送り届けられたこの詩を、母のアンはウォルターの兄のジェムにだけ見せたとあります。そして、ウォルターは誰かを突き殺してはいないが、見てしまったんだ、彼より図太い自分でさえ、と言いかけて言葉を濁すジェムは、自分の二人の息子たちのことをも考えずにはいられません。

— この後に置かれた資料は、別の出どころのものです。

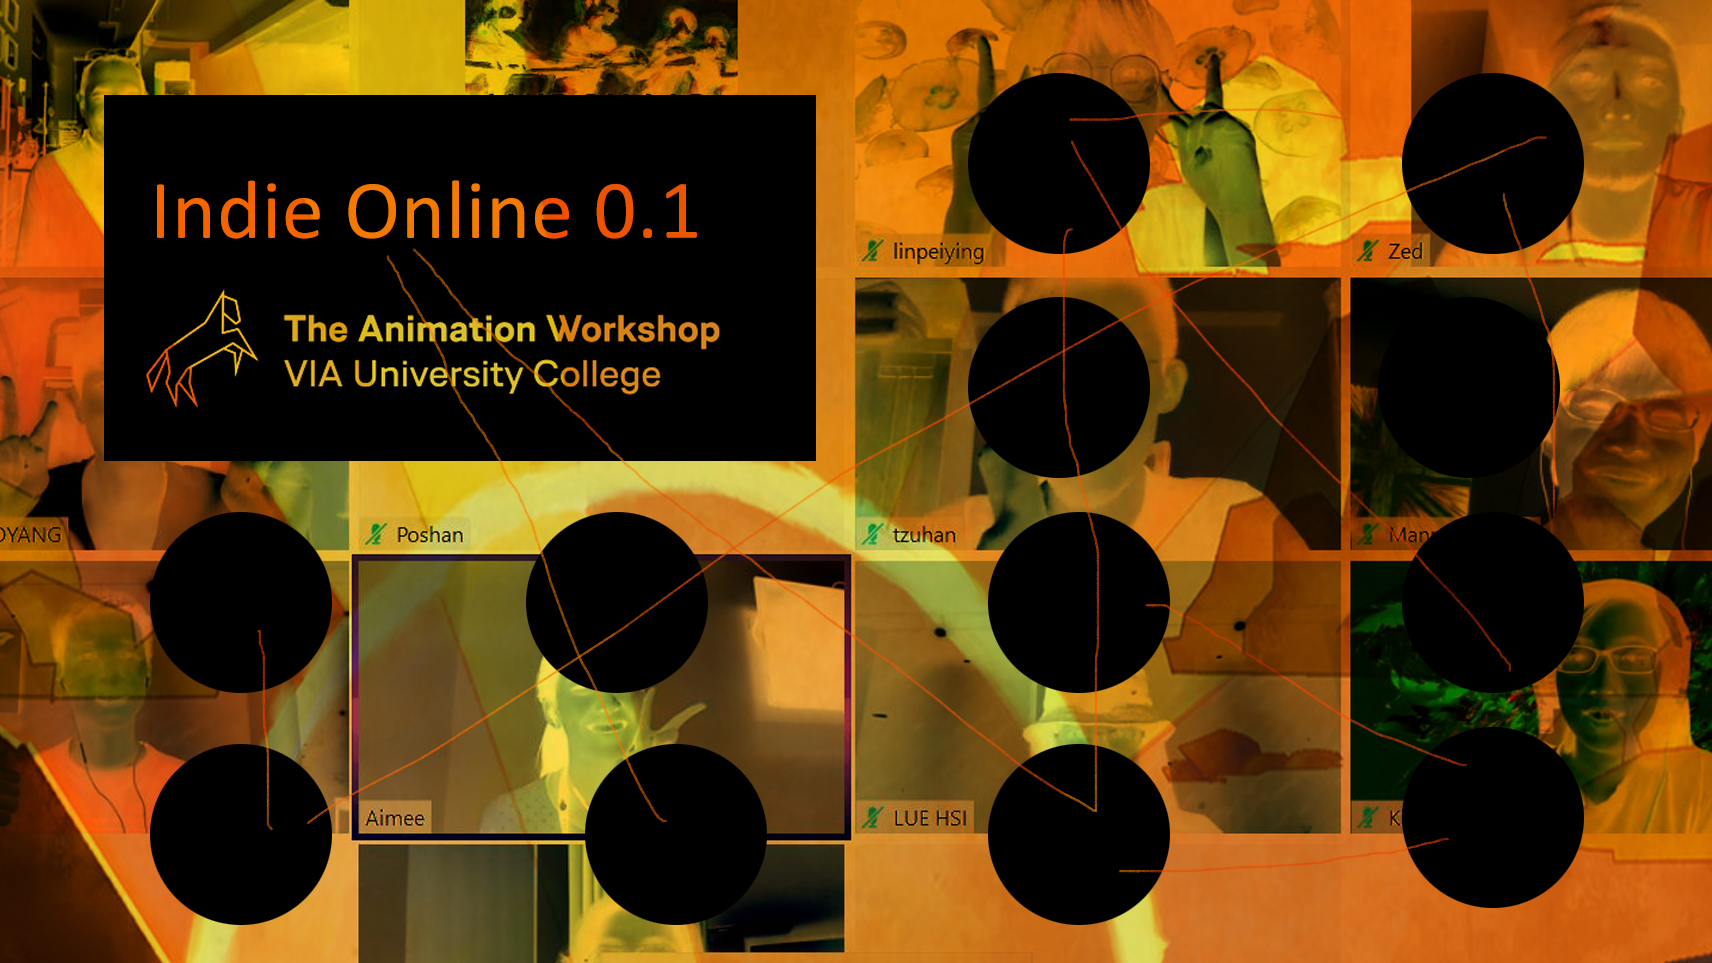 Indie Online. Adapting to New Online Platforms: A Focus on Independent Animation  Project Development, Distribution and Training | animationstudies

そしてアン自身は「落ち着き払って」こう言うのです。「今にしてみれば、ウォルターが生きて還ってこなかったのは、幸いだったと思うのよ。あの子は戦争の記憶をもっては生きていかれなかったでしょうよ……無駄に犠牲になった多くの尊い命を目にしたのなら、そのおぞましい恐怖の記憶が脳裏に焼きついて離れなかった……。」
「アンの娘リラ」の中で、アンがどれだけウォルターを愛し、その死を悲しんだかを私は知っています。その彼女が「生きて還ってこなかったのはよかった」と「落ち着き払って」言い切る。アンでなければ言えず、モンゴメリでなければ言わせられないことばです。ウォルターを誰よりもよく知り、愛している母だからこそ言えることばです。深く激しい愛とともに、厳しい冷たさや強さも常に秘めていたモンゴメリにしか書けないことばです。

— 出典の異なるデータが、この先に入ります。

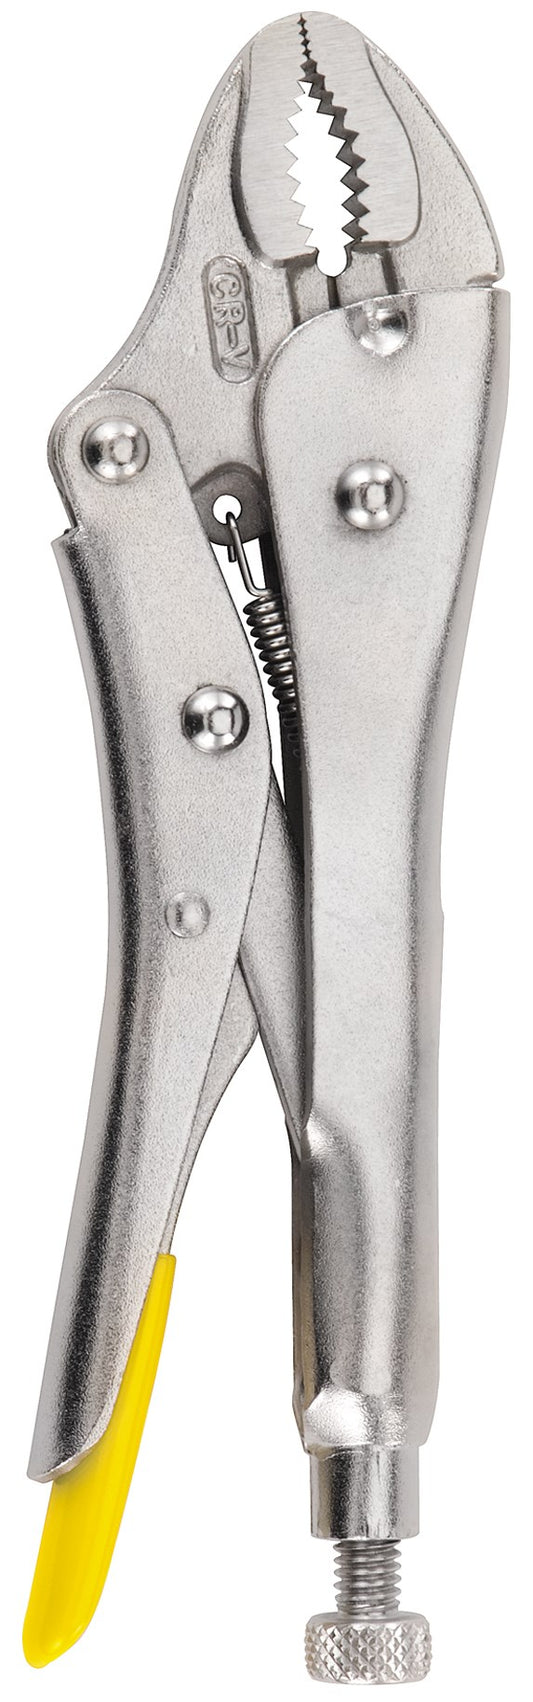 Stanley 84-807 5.6" Curved Plier

「アンの娘リラ」を読み返すたび、私はウォルターを失い、アンと別れを告げたと思って来ました。私の思いや知識を彼らに伝えることは、永遠にかなわないと実感してきました。しかし、そうではありませんでした。ウォルターは戦場で、パウルと同じように殺した敵を「弟のような」人間として見ていました。彼は勇敢な兵士として祖国のために死んだのではなく、人を殺すことを苦しみつづけていました。それを理解した母のアンが「死んでよかった、生きて帰らなくてよかった」と冷静に断言するほど、彼のその悲しみは深かったのです。
そして作者のモンゴメリは、第二次大戦のただ中にあって、死の間際まで戦争を嫌悪する小説を書き、それを世に出そうと努力していたのです。

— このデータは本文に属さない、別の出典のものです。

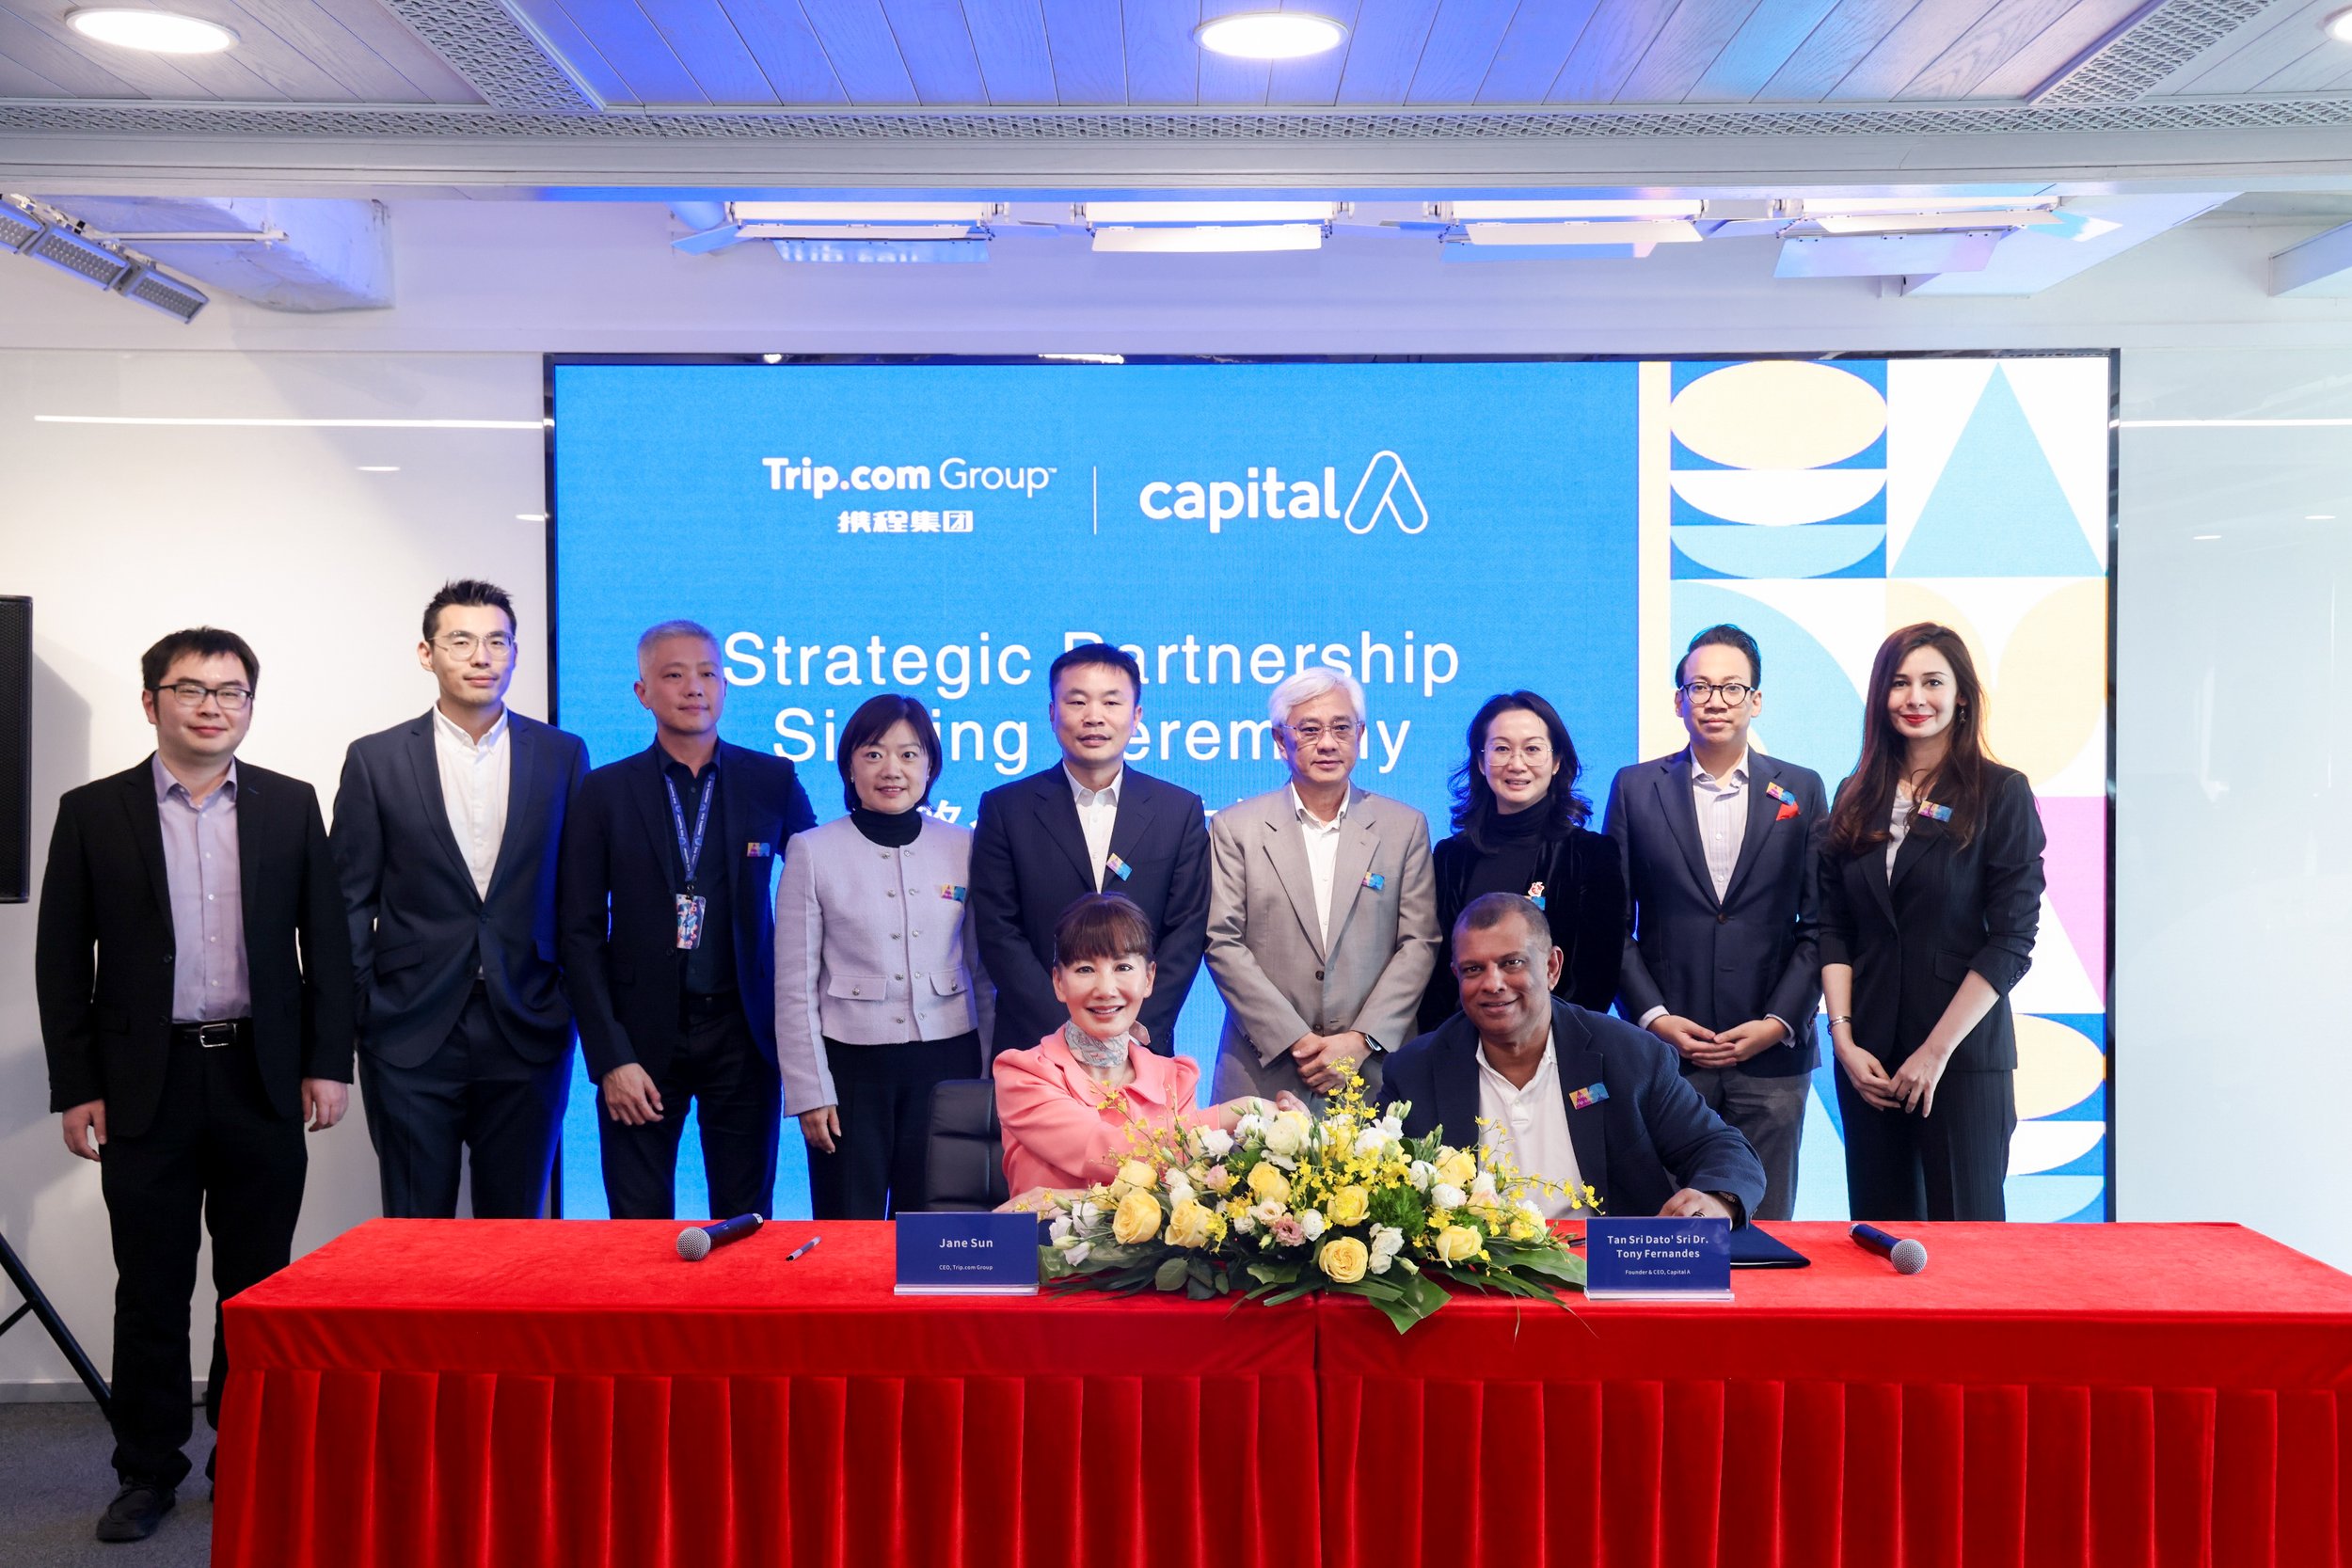  Photo Caption: Tony Fernandes (seated, right) with Jane Sun, CEO of Trip.com Group during the partnership signing ceremony in Shanghai. Also present are the senior managements of both entities, including Chairman of AirAsia Aviation Group Limited (A

村岡恵理「アンのゆりかご ―村岡花子の生涯」(新潮文庫)を読むと、村岡花子もまた、戦争中に必死になって「赤毛のアン」の原稿を守り、さまざまな障害をのりこえて翻訳を続けたことがわかります。その彼女が見ないまま死んだ「アンの想い出の日々」の原稿も長いこと放置されていたのが発見され、孫娘の手で翻訳され、今こうやって私のもとまで届いてきました。
おかげで私は、ウォルターもアンも、私と同じ思いで生きるようになっていたことを知りました。他愛もないことかもしれませんが、これは私にとってやはり大きな幸福です。「生きていてよかった」とさえ、心から口にしないではいられません。
これからも私は戦争に反対し、平和を守ろうとするでしょう。その他にも、世の中や未来のためによいと思った、さまざまなことをするでしょう。そのために大きな敵や強い敵と対決するのはまだしも、親しい人たちや愛する人たちと対立し孤立することもきっとあるでしょう。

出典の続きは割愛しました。